When we consider that ambulatory physicians spend more than five hours on EHR use for every eight hours of scheduled patient time and current patient panel sizes range from 1,200 to 1,900 per physician, it is easy to see how untenable and unworkable a separate, non-EHR-integrated solution is. It’s not that it will add even more computer work to the overburdened physician – they just won’t use it.

Healthcare organizations need fully integrated, enterprise solutions, not only to ease the burden for physicians and care teams, but also to grow and scale programs to serve entire patient populations.

A familiar story to us is an organization launching a remote patient monitoring pilot program for 50 to 100 of its high-risk, chronically ill patients – the premise being that by monitoring vital signs and intervening earlier at the first sign of an issue, the organization can avoid adverse outcomes and hospitalizations. 

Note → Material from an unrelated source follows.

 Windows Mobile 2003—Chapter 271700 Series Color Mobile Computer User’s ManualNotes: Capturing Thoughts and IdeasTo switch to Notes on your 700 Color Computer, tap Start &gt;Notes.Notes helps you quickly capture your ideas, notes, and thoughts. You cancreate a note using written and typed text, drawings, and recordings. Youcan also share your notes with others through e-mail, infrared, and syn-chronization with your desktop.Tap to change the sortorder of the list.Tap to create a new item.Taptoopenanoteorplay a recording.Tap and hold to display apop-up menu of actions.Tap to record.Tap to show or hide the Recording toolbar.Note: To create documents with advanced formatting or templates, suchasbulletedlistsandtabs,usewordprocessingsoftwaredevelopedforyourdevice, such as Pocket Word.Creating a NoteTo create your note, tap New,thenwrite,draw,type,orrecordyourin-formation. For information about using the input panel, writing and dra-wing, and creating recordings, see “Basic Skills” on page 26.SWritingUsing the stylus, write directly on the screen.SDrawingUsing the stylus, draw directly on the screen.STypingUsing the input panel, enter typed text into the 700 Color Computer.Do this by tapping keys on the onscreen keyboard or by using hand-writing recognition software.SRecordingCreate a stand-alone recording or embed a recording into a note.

The pilot program is successful – patients are engaged and satisfied, the clinicians who were given logins to the solutions like that they know more about what’s happening with their patients, and clinical outcomes start to improve. But, how to get from 50 to 100 patients to 5,000 to 10,000 patients?

With a remote care platform managed outside of the EHR, it’s likely the organization had to bring on more staff or ask current staff to do more. Every staff member who wants access needs to get setup with a login (and if they leave the organization, to be deprovisioned). Perhaps the solution offers a  data interface or basic visual integration to connect certain demographic information with EHR patient records, but patient enrollment, management, and follow-up on actions taken as a result of alerts still occur in a separate system with a separate login.

At best, this makes management of the pilot program cumbersome and disconnected from in-office care. At worst, it means the organization can’t replicate the positive results across the entire enterprise.

At Validic, we take seriously our commitment to easing the clinician burden and building technology that makes healthcare easier, not more difficult. Some of our clients have had this experience of going from a standalone solution to our fully integrated application and they understand and appreciate the difference.

Our largest client, with more than 250,000 enrolled since program inception and more than 6,000 enrolling physicians, reports improved outcomes (12% reduction in systolic blood pressure for hypertension patients in 45 days) and increased efficiency (88% of physicians report time savings with a 63% decrease in the time physicians needed to spend on the phone with their patients). There is no way they could have achieved scale of this magnitude without full EHR integration, making the remote health data for every member accessible to the entire care team.